16. Buddha Dhamma is based on the principle of causation (cause and effect), which in Pāli is Paṭicca Samuppāda. The principles are discussed in the section “Paṭicca Samuppāda.”

17. Chanting of suttā and reciting the virtues of Buddha, Dhamma, and Saṅgha can prepare one’s mind to be receptive to learning Dhamma and thus could be an important part of the practice, see “Buddhist Chanting.”

  • The section on “Myths or Realities?” is also important since it discusses many concepts and practices that some consider to not belong to Buddha Dhamma.

18. For Those who would like to see how compatible Buddha Dhamma is with modern science, the “Dhamma and Science” section is a good resource.

  • That section points out both consistencies and inconsistencies with modern science.
  • Modern science has had to revise or come up with new theories to explain many phenomena over the past 500 years, but Buddha Dhamma (in the Tipiṭaka) has remained the same for over 2500 years.
  • I predict the remaining inconsistencies will also be resolved in favor of Buddha Dhamma.

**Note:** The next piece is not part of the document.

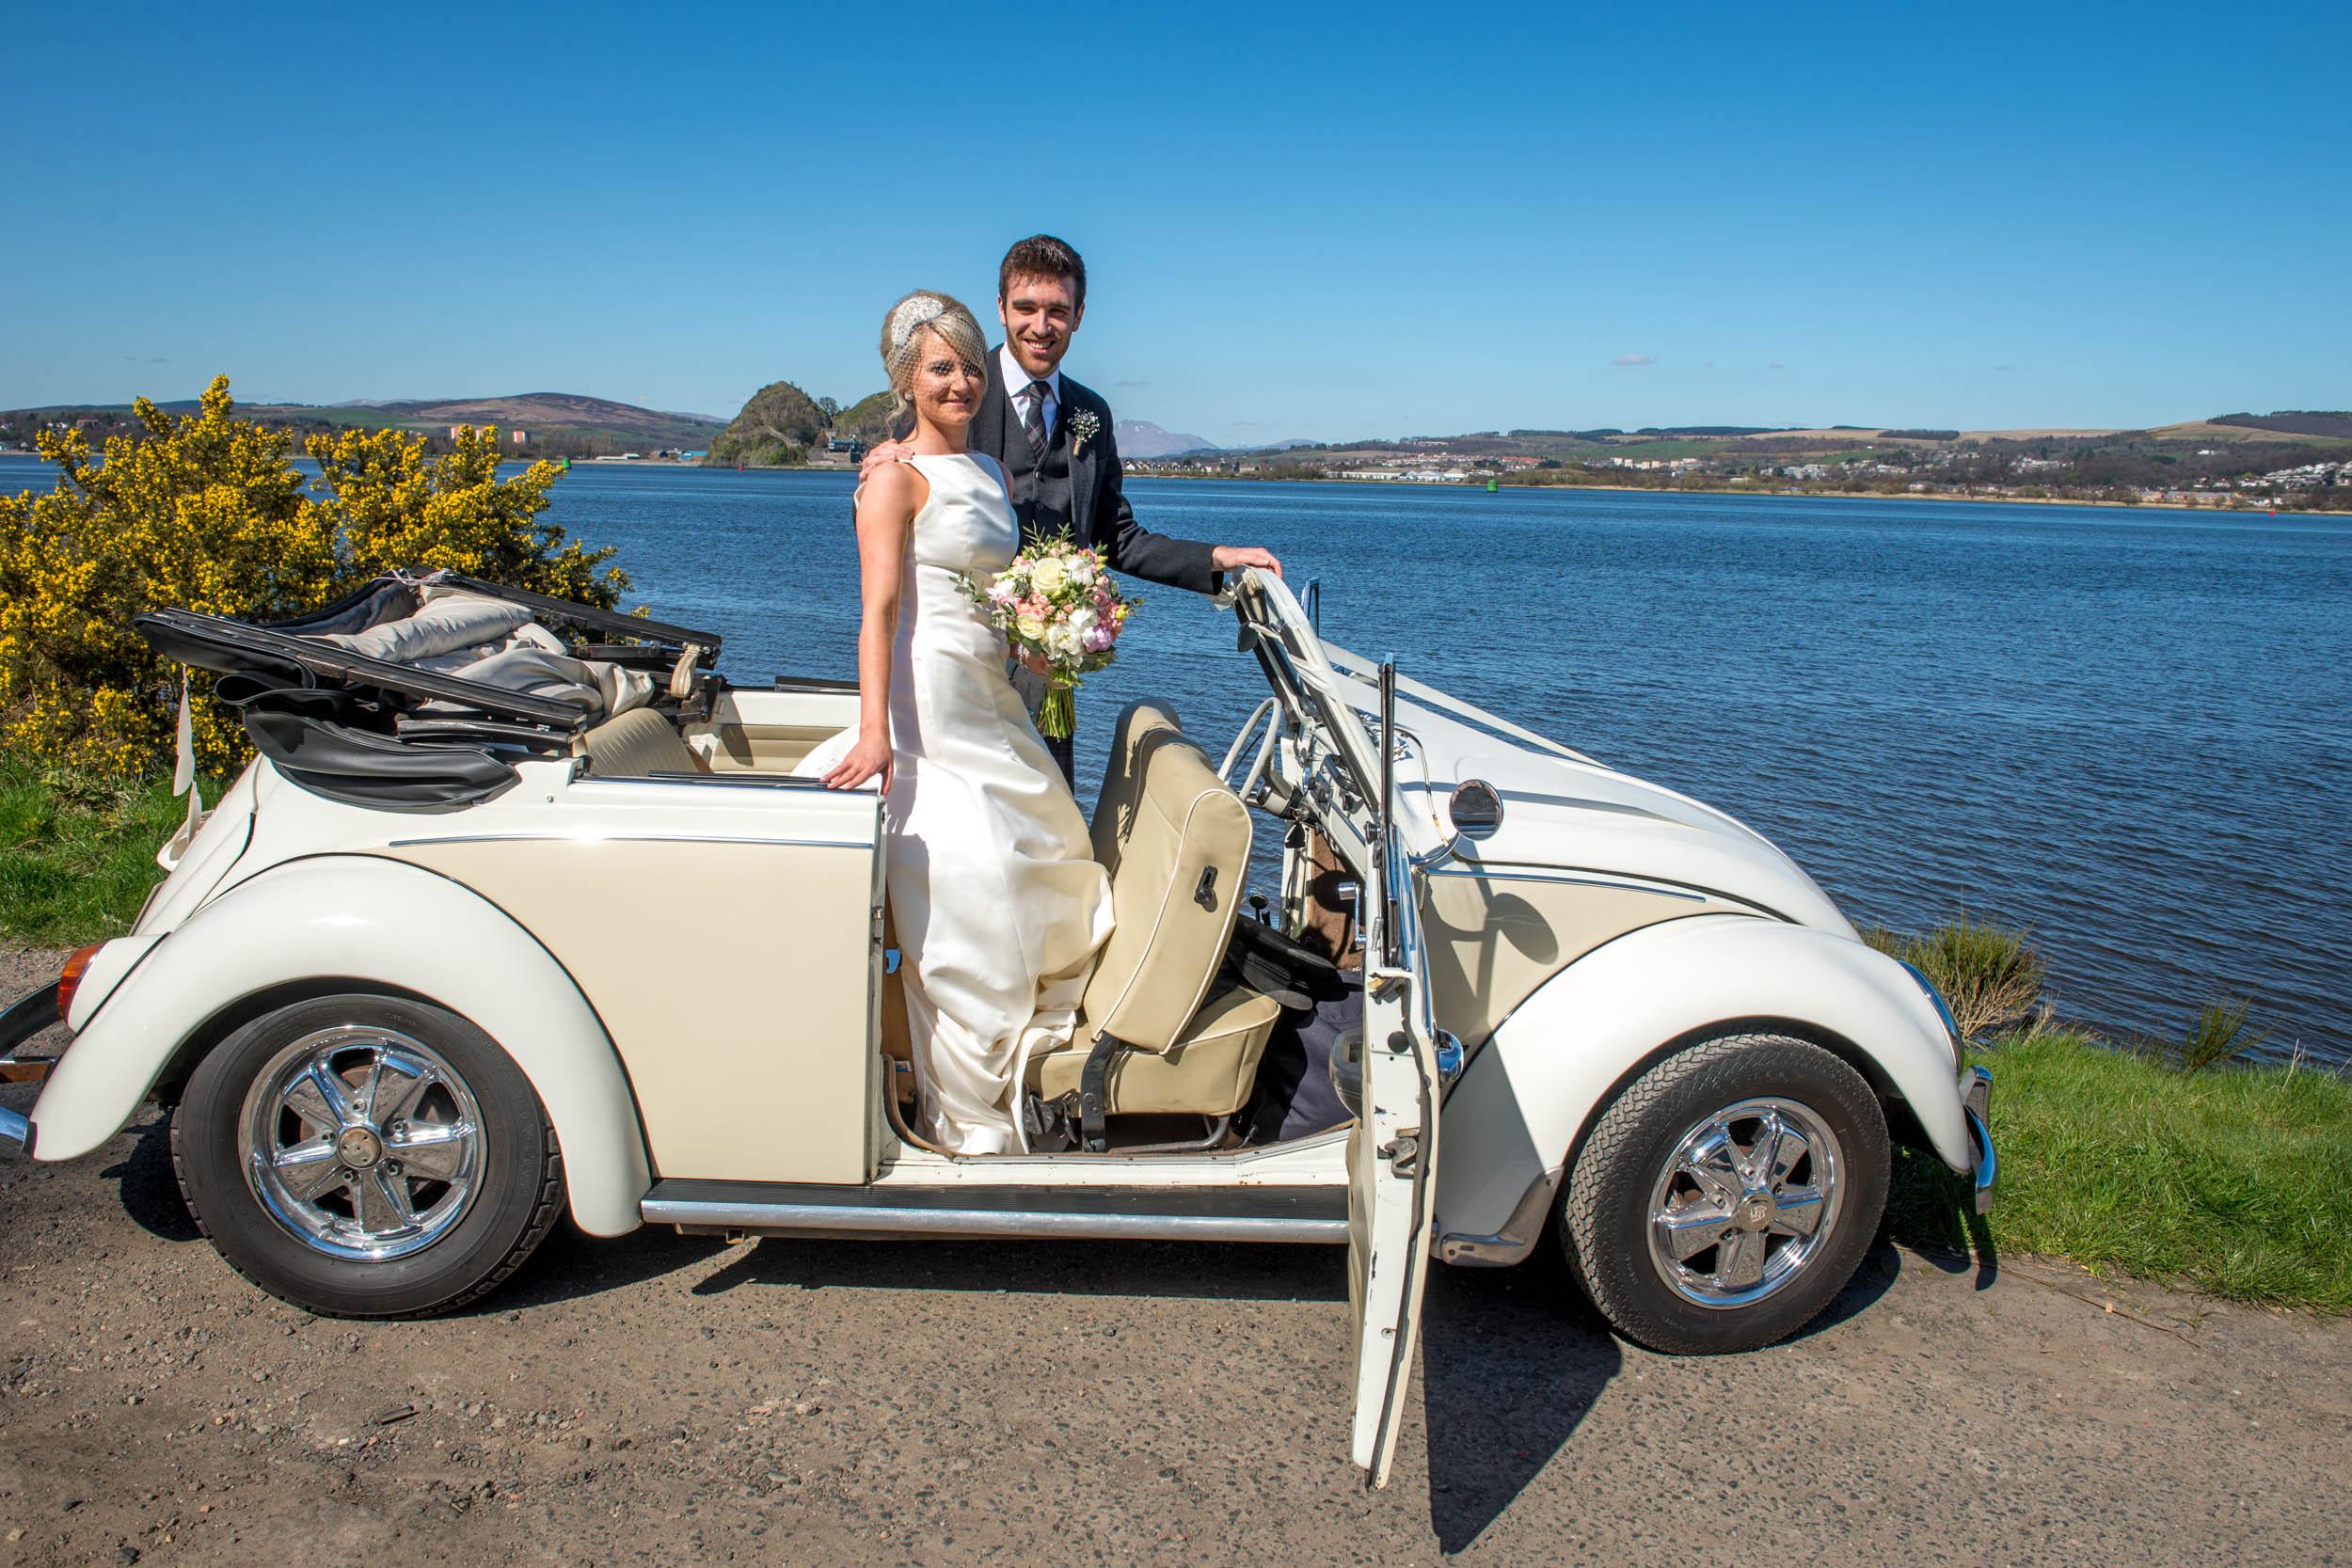 Paul-Saunders-Wedding-Photography-9282.jpg

19. The section on “Tables and Summaries” is an important collection of posts summarizing bits of information or “data” that are not necessary to be memorized but could be needed to explain things in detail.

20. Some either have already learned Abhidhamma or would like to learn. For them, the “Abhidhamma” section could be useful. There are several subsections in this section on various topics.

  • The “Abhidhamma via Science” section highlights some overlaps between Abhidhamma Science.
  • One of my favorite subjects is Abhidhamma. When one has proceeded along the Path to some extent, it could be useful to learn Abhidhamma, which will help gain a deeper understanding.

21. Finally, but most importantly, three important subsections discuss issues involved in attaining magga phala (stages of Nibbāna). The primary goal of this website is to provide enough material for one to attain the Sōtāpanna stage of Nibbāna.

  • First, the concept of Nibbāna is a puzzle to many. It is discussed in several posts in the subsection: “Nibbāna.”
  • Some critical points to consider by those making an effort in that direction are discussed in the subsection: “Seeking Nibbāna.”
  • The first goal of those who seek Nibbāna is the Sōtāpanna stage. Many concepts are requirements for achieving that goal are discussed in the subsection: “Sōtāpanna Stage of Nibbāna.”
  • The section “Living Dhamma“is specially designed for one to start following Buddha Dhamma even without believing in the concept of rebirth, all the way to the Sōtāpanna stage. People with a more advanced background can start at later subsections, skipping the early ones.